The original text was written in Koine Greek. This chapter is divided into 33 verses.

===Textual witnesses===
Some early manuscripts containing the text of this chapter are:
- Papyrus 75 (AD 175–225)
- Papyrus 5 (c. 250; extant verses: 14–30)
- Papyrus 22 (c. 250)
- Codex Vaticanus (325–350)
- Codex Sinaiticus (330–360)
- Codex Bezae (c. 400)
- Codex Alexandrinus (400–440)
- Codex Ephraemi Rescriptus (c. 450; extant verses 22–33)
- Papyrus 60 (c. 700; extant verses 29–33).

==Places==
The setting for the discourse in this chapter and the following chapter appears to be in Jerusalem. The precise location is not specified, but John 18:1 states that afterwards, "Jesus left with his disciples and crossed the Kidron Valley".

==Purpose==
The evangelist's purpose in this section of his gospel is to support the early Church for whom he is writing, to ensure that they do not fall away (ινα μη σκανδαλισθητε, hina mē skandalisthēte). Some commentators suggest he is writing for a specific group of believers called the Johannine Community.

==Verse 1==
All this I have told you so that you will not fall away.
Heinrich Meyer relates "all this" to , the section of this discourse which anticipates the world's hatred for the disciples.

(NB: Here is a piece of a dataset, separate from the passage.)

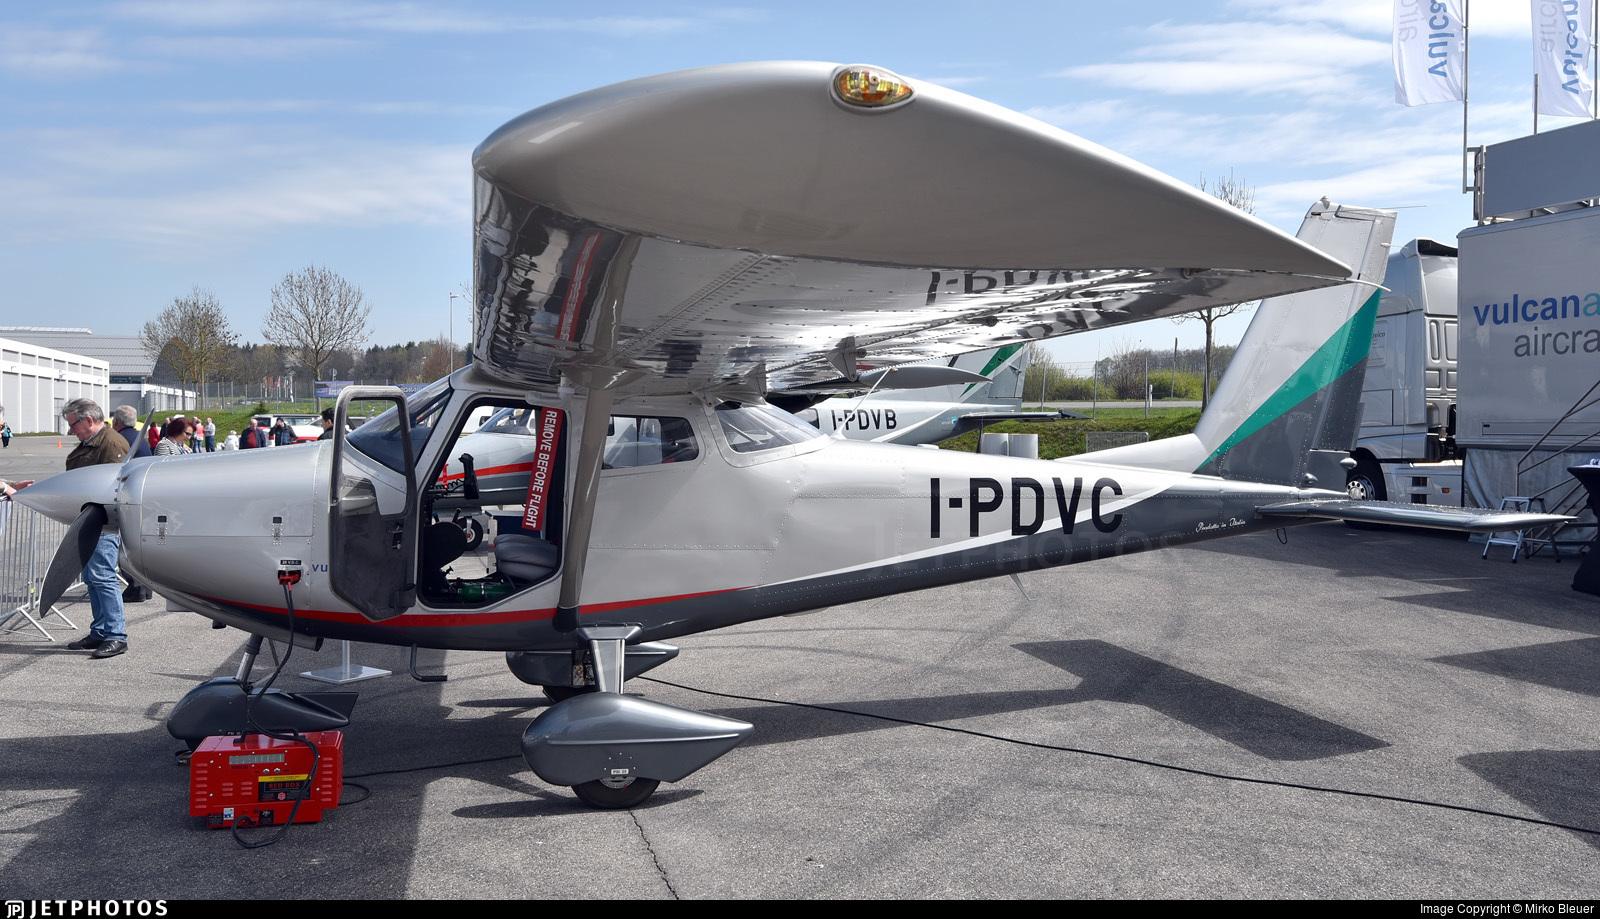 I-PDVC - Vulcanair V1.0 - Vulcanair
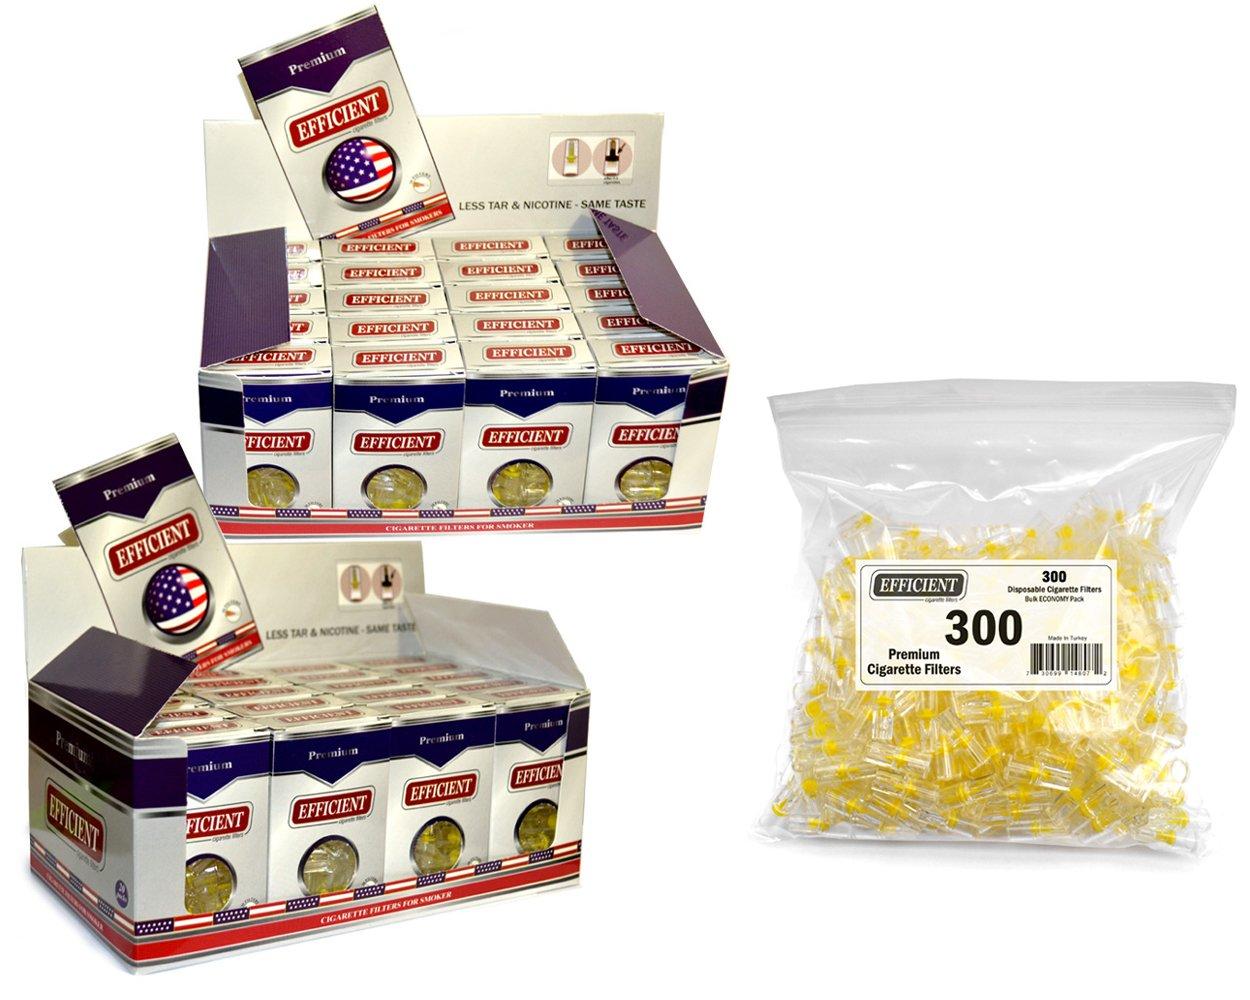 EFFICIENT Cigarette Filters, Filter Tips for Cigarette Smokers 40 Packs (1200 Filters) + 300 Bulk Filters

English translations vary widely in the way they treat the opening verse of this chapter:
- that ye should not be caused to stumble (American Standard Version)
- that ye should not lose faith (21st Century King James Version)
- that ye should not be offended. (Geneva Bible)
- that you should not be offended (taken unawares and falter, or be caused to stumble and fall away (Amplified Bible)
- so that you will not fall away (New International Version)
- so that you won't be caught by surprise (Complete Jewish Bible)
- to keep you from being afraid (Contemporary English Version)
- that you may not be scandalized (Douay–Rheims Bible)
- so that you won't lose your faith when you face troubles (Easy-to-Read Version)
- to keep you from stumbling (NRSV)
- that you may avoid the offenses that are coming (The Voice)
- so that your faith may not be shaken (Jerusalem Bible)
- so that you may not be tripped (note on 'literal' translation in Jerusalem Bible)
- so that you will not turn back (Bible in Worldwide English)

Meyer observes that
Prepared beforehand, and armed by Christ’s communications, they were not to be made to stumble at Him, but were to oppose to the hatred of the world all the greater efficiency and constancy of faith.

==Verse 2==
They will put you out of the synagogues;
Jesus foretells the exclusion from the Jewish synagogues (ἀποσυνάγωγος) which the evangelist has already alluded to in and .
This verse continues:
yes, the time is coming that whoever kills you will think that he offers God service.
For "service", the Greek has the word λατρεια, meaning divine worship (see Latria).

==Verse 4==
But these things I have told you, that when the time comes, you may remember that I told you of them.
And these things I did not say to you at the beginning, because I was with you.
Lutheran writer Johann Bengel notes that while Jesus had not said these things before, he was previously aware of the hatred which would arise.

==Verse 5==
Now I am going back to the One who sent me. But none of you asks me, 'Where are you going?
The King James Version adopted the wording "I go my way" for this verse.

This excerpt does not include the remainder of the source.